Feature CircuitsFeature Circuits

call graphcausal

One-line analogy

A single feature is like a microservice; a feature circuit is the call chain / DAG they form: an early-layer feature "detects this is a person's name" → a mid-layer feature "this is a French place" → a late-layer feature "output French." Features are nodes, weights are edges, and the whole graph is an attribution graph—the same thing as the microservice dependency graphs and Spark DAGs you've drawn. The ultimate goal of mech interp is to reduce a model behavior to one readable, verifiable circuit.

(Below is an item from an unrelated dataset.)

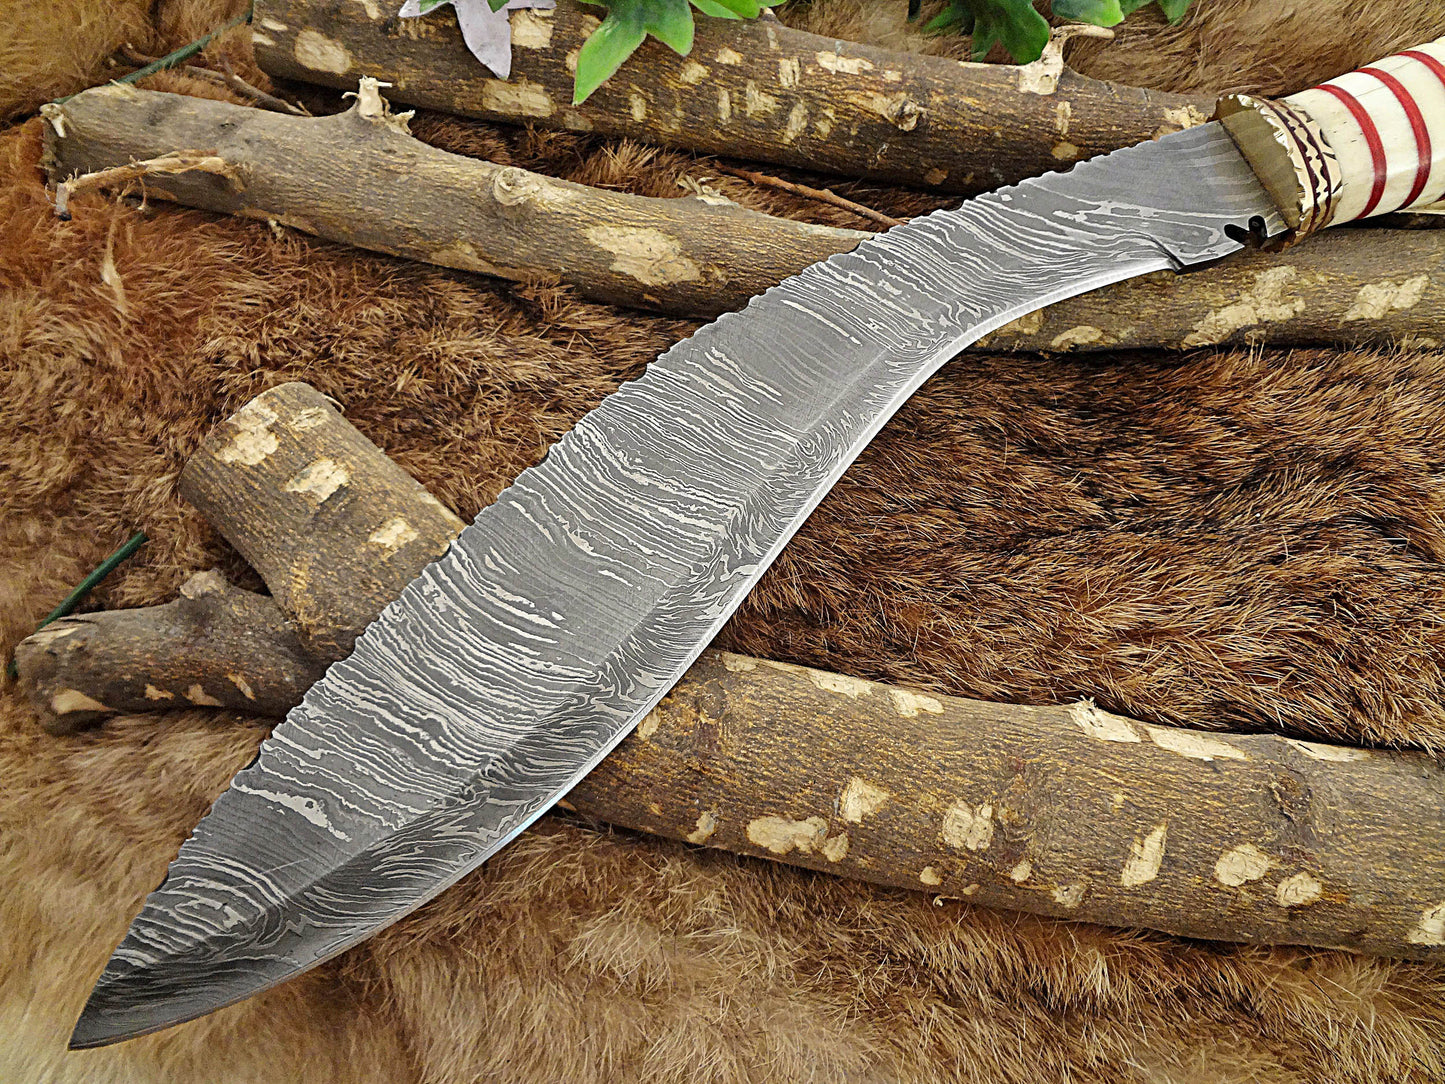 15" custom made Hand Forged Damascus Steel Kukri Knife With 10" blade, camel bone with engraved brass finger guard scale, Leather Sheath
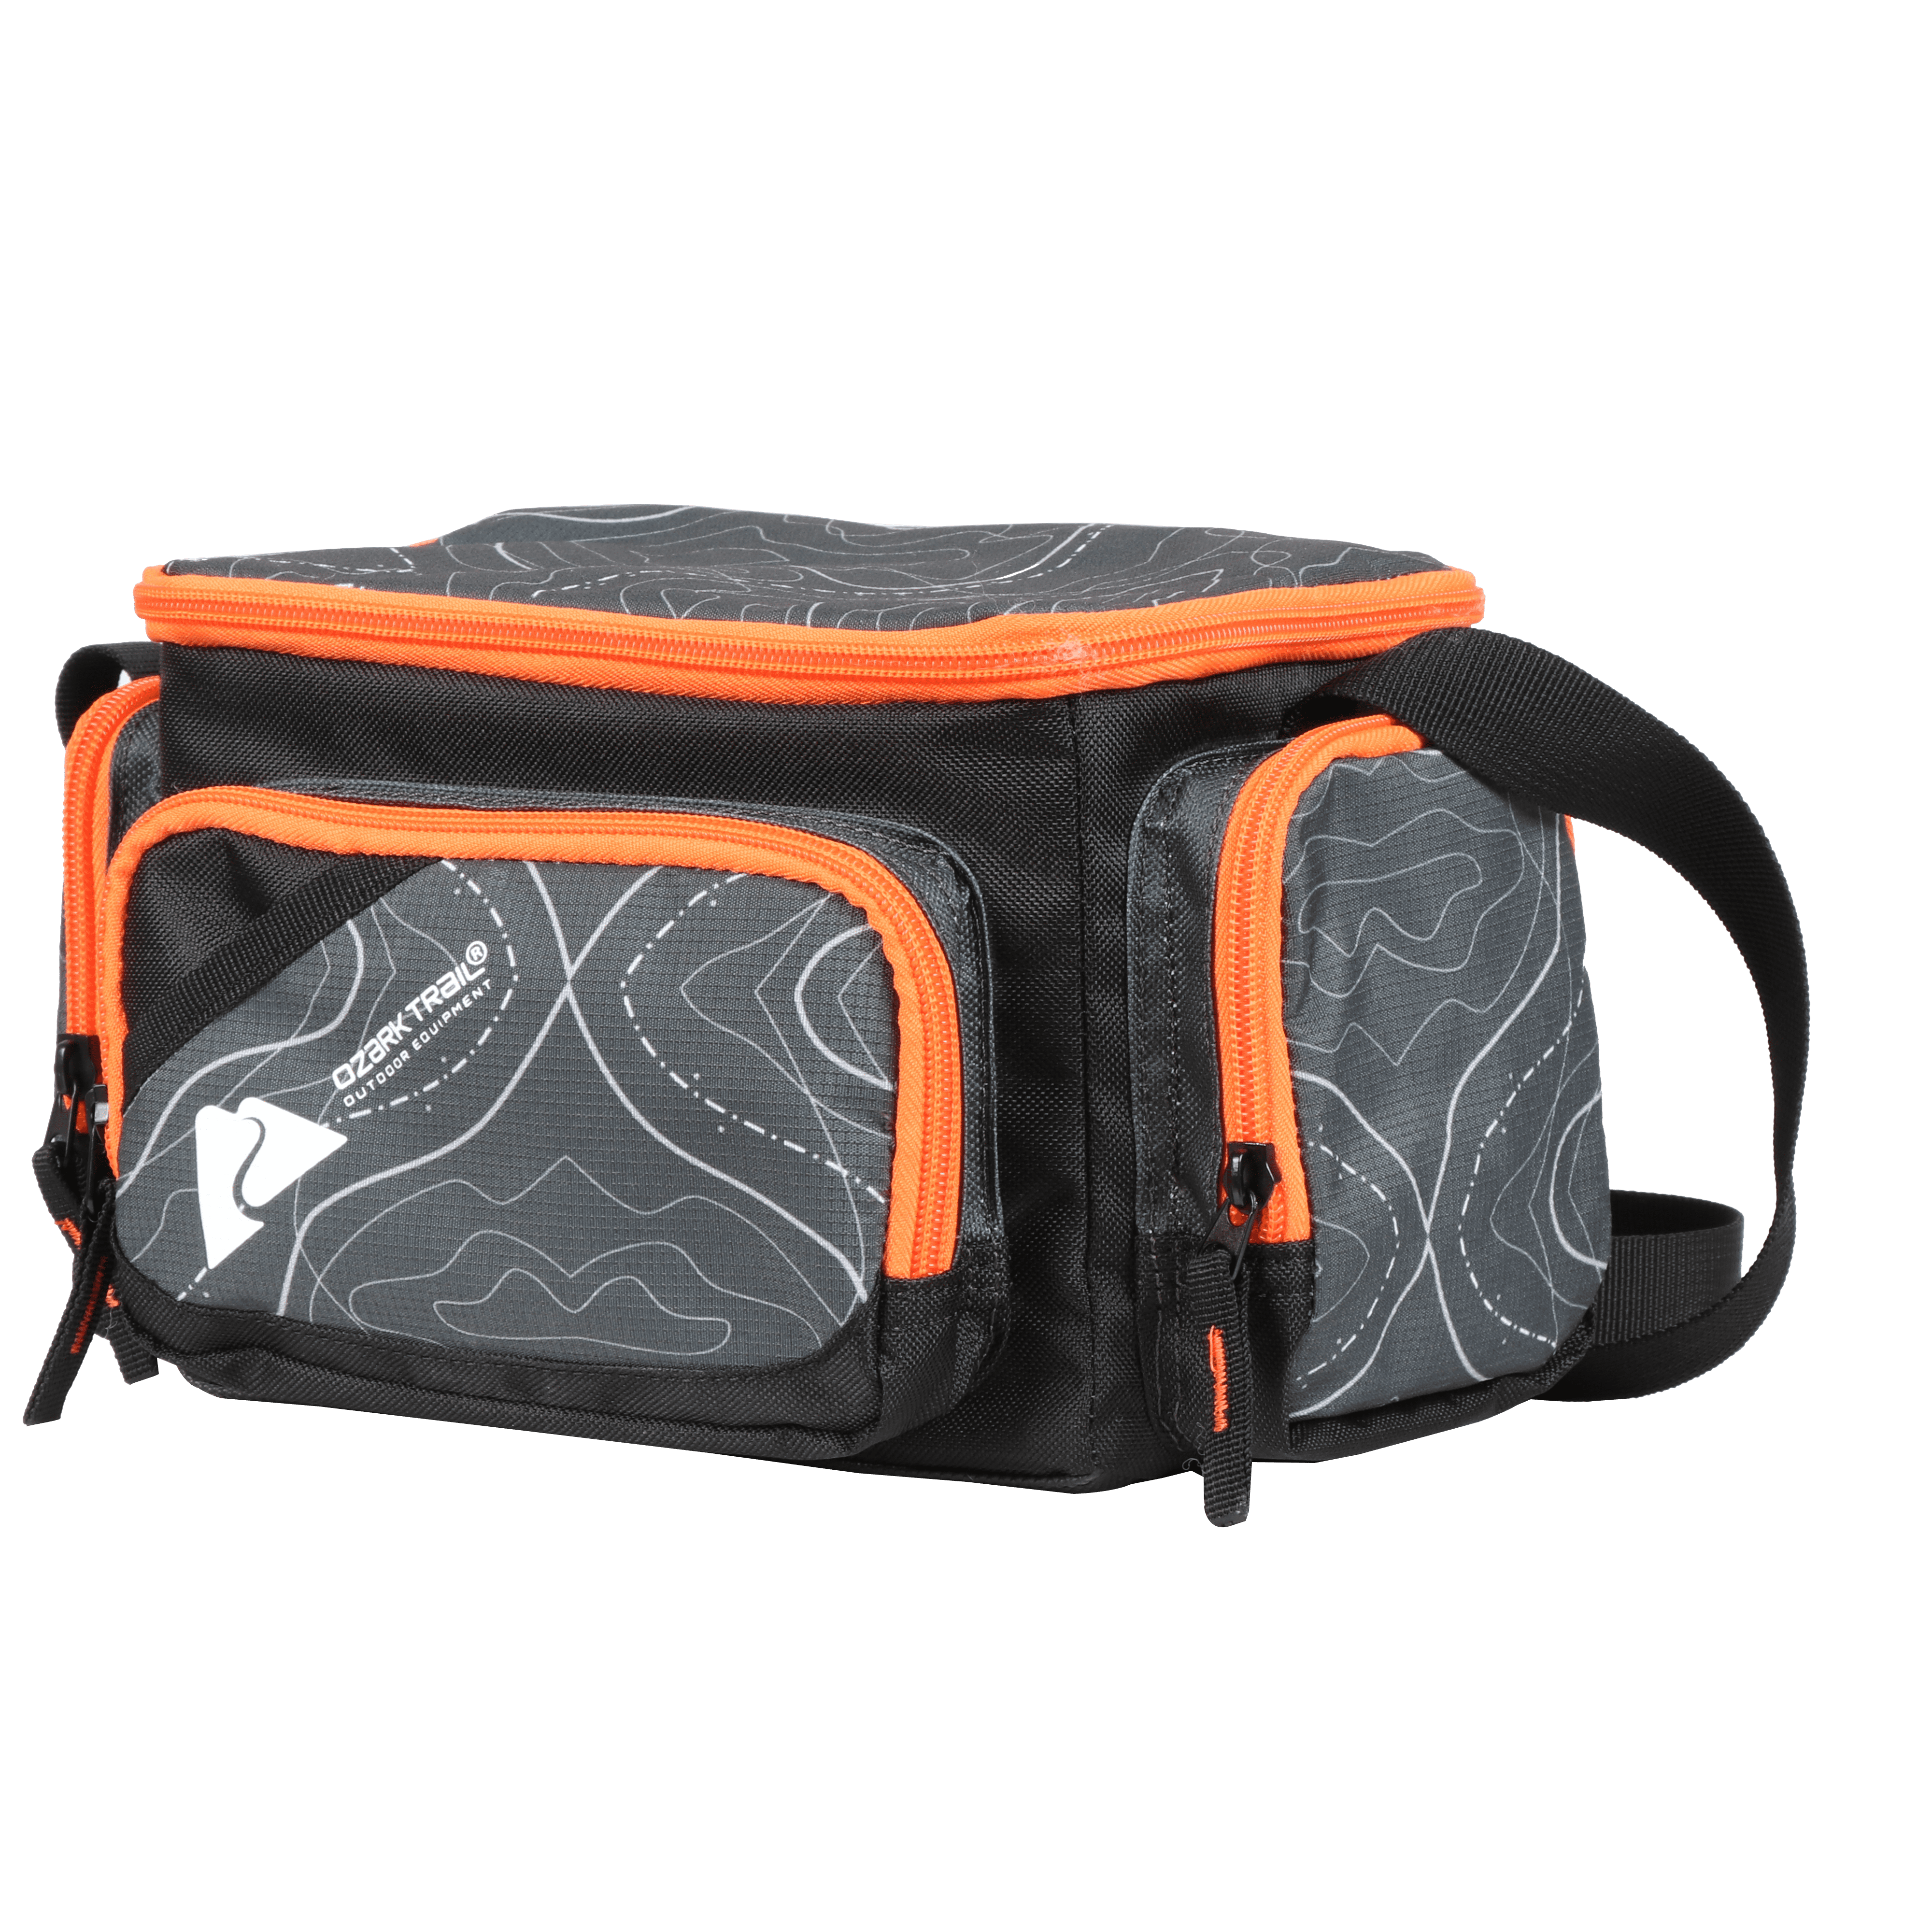 carpenter On the verge Condense Ozark Trail Soft-sided 350 Fishing Tackle Bag with 3 Tackle Boxes, Black -  Walmart.com

Problem it solves + how it works

Knowing "which features exist" (what SAEs do) is just a parts list, not understanding the circuit. To understand behavior you need to know how features connect and who triggers whom. The core method for validating connections is activation patching (a.k.a. causal tracing)—a clean causal experiment:

Activation patching: A/B perfusion for causal ablation

1. Run a "clean" input clean, cache a component's activation
2. Run a "corrupt" input corrupt (answer broken)
3. Transplant one clean activation into the corrupt forward pass
4. See how much the output recovers → more recovery = more causally critical

= swapping components one-by-one in a distributed system to find "which hop actually decided the result"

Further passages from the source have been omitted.